RERANKER · TOOL COMPARISON
Rerankers compared: Cohere, BGE, Jina, Voyage, ColBERT, mxbai, Mistral, sentence-transformers, RankGPT, FlashRank
Ten reranker options, four selection axes, +15-30% recall lift for RAG pipelines. As of May 2026.
Researched & fact-checked by: DuneDive LLC · As of: 2026-05
What is a reranker?
A reranker is a two-stage search pattern: stage 1 quickly pulls e.g. 50 candidates from a vector database. Stage 2 scores each of those 50 pairwise with a cross-encoder model – it sees question and candidate together and produces a more precise score. The top 3 or 5 then go to the language model. The trick: stage 1 is fast but rough; stage 2 is slower but markedly more accurate. Combined, almost every case study reports 15-30% more Recall@5 than pure vector search.
In typical Swiss fiduciary RAG setups (May 2026) the reranker is one of the largest levers for answer quality – bigger than switching the embedding model, smaller only than clean chunking. Still it is often skipped, because it adds 100-500 ms latency and requires either an API binding or your own model on a GPU.

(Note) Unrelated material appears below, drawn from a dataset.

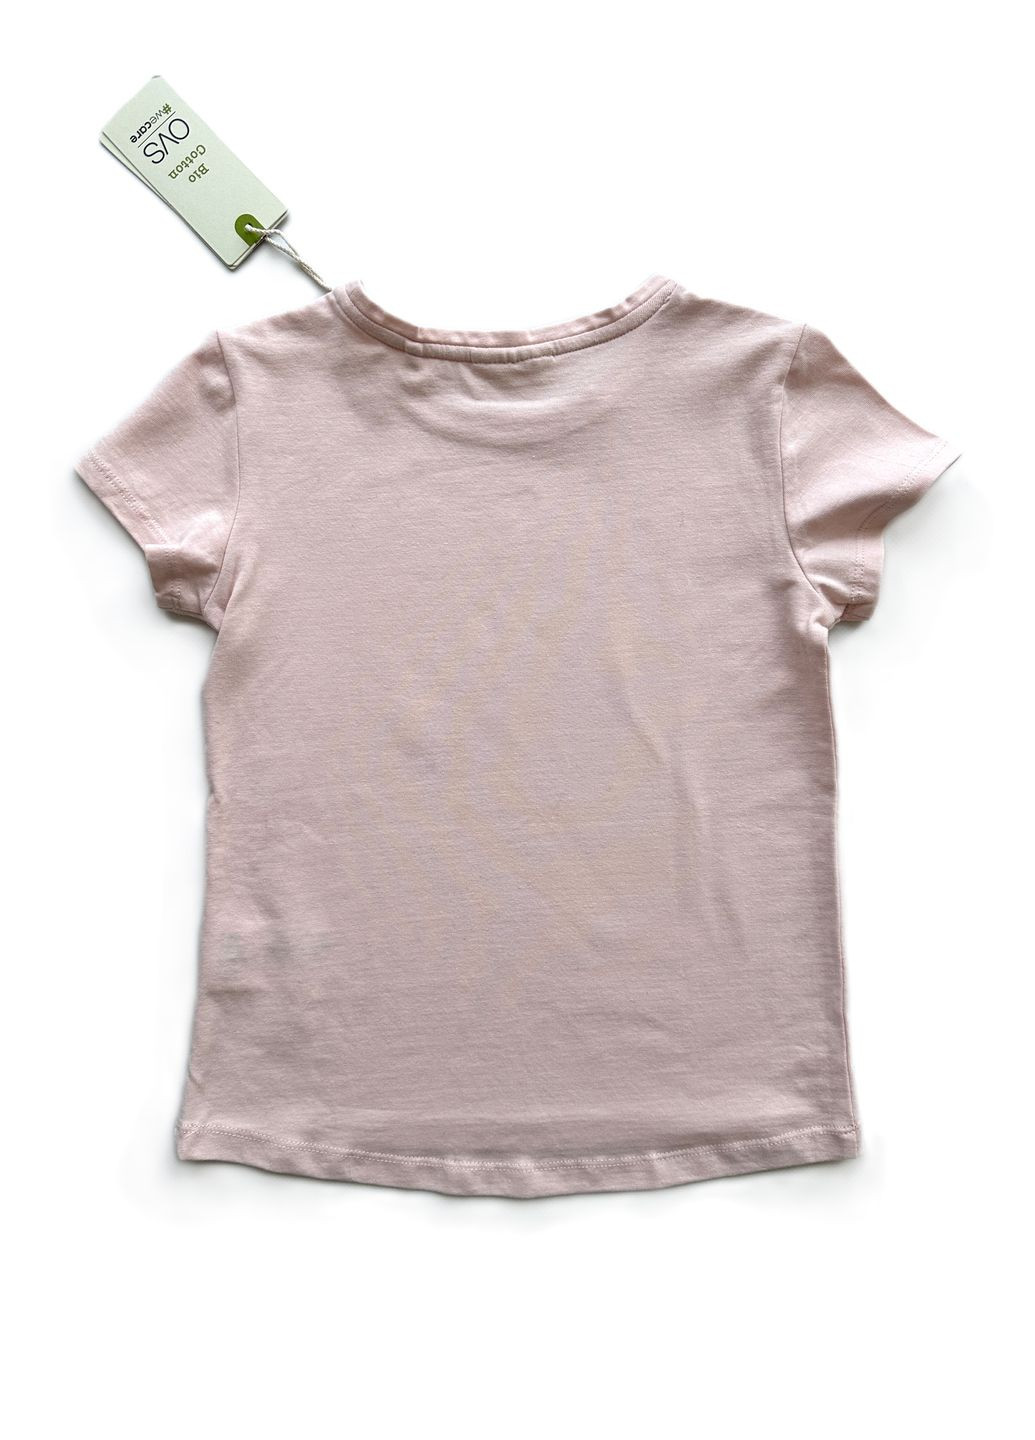 Пудровая летняя футболка для девочки 2000-20 пудровая базовая (116 см) OVS

In May 2026 about ten serious options exist. Four are pure APIs (Cohere, Voyage, Mistral plus mini-models on Together/Bedrock), five are self-host-capable (BGE-Reranker-v2, Jina, mxbai, ColBERT, sentence-transformers), one is LLM-based (RankGPT/RankZephyr), and one is built for latency (FlashRank).
Why reranking matters
Four axes decide suitability: quality gain, latency budget, hosting model, and cost. Whoever adds a reranker buys accuracy with time and money – and must decide how much of each they are willing to spend.

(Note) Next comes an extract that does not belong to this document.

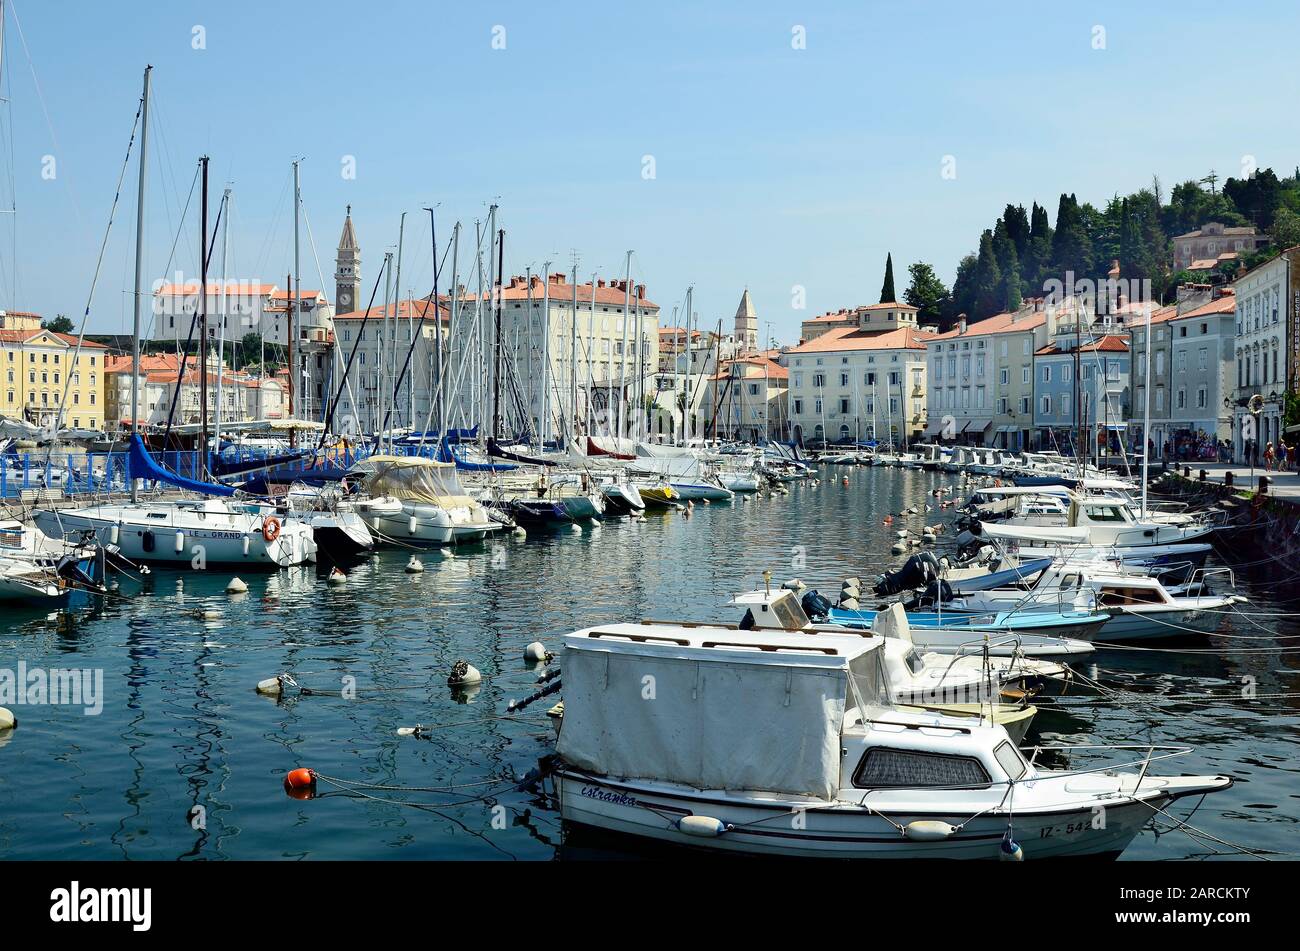 Piran, Slovénie - 4 juillet 2015 : personnes non identifiées, port, bateaux, bâtiments et campanile dans le village pittoresque de la mer Adriatique Banque D'Images

Quality gain: On BEIR (BEIR benchmark, as of 2026) a Cohere Rerank-3 lifts nDCG@10 over plain BM25 by roughly 30%, over dense retrieval alone by 12-18%. For law mandates, where the correct precedent may sit between position 4 and 5, this is the difference between usable and unusable.
Latency: Reranking a 50-candidate set typically takes 100-400 ms on a GPU or via a fast API. FlashRank does this on CPU in under 100 ms. RankGPT (LLM-based) needs 1-3 seconds – often too long for interactive use.
Hosting: As with embeddings, reranking applies to questions and document passages. For professional-secrecy mandates an API reranker (Cohere, Voyage) implies data transfer to a third country. Self-host (BGE-Reranker-v2, Jina, mxbai-rerank) solves this. Cohere via AWS Bedrock eu-central-1 is a middle ground.
Cost: Cohere Rerank costs USD 2 per 1,000 queries in May 2026. Voyage rerank-2 at USD 0.05 per 1,000 queries is much cheaper. Mistral Rerank EUR 0.40 per 1,000 queries. For a fiduciary office at 200 queries/month, Cohere is USD 0.40, Voyage USD 0.01, Mistral EUR 0.08 – all negligible. At 100,000 queries/month we are looking at USD 200, USD 5, and EUR 40 – there the choice matters.
The ten options in detail
Cohere Rerank (proprietary API, USD 2/1k queries, via AWS Bedrock also EU): rerank-multilingual-v3.0. Industry standard in May 2026, wins almost every benchmark, very good German and French quality. Bedrock hosting in eu-central-1 allows EU residency. Default pick when API is OK.
BGE-Reranker-v2 (BAAI, Apache 2.0, self-host): bge-reranker-v2-m3, multilingual, quality very close to Cohere. Runs comfortably on GPU, on CPU with patience via ONNX. Free open-source standard for on-prem RAG.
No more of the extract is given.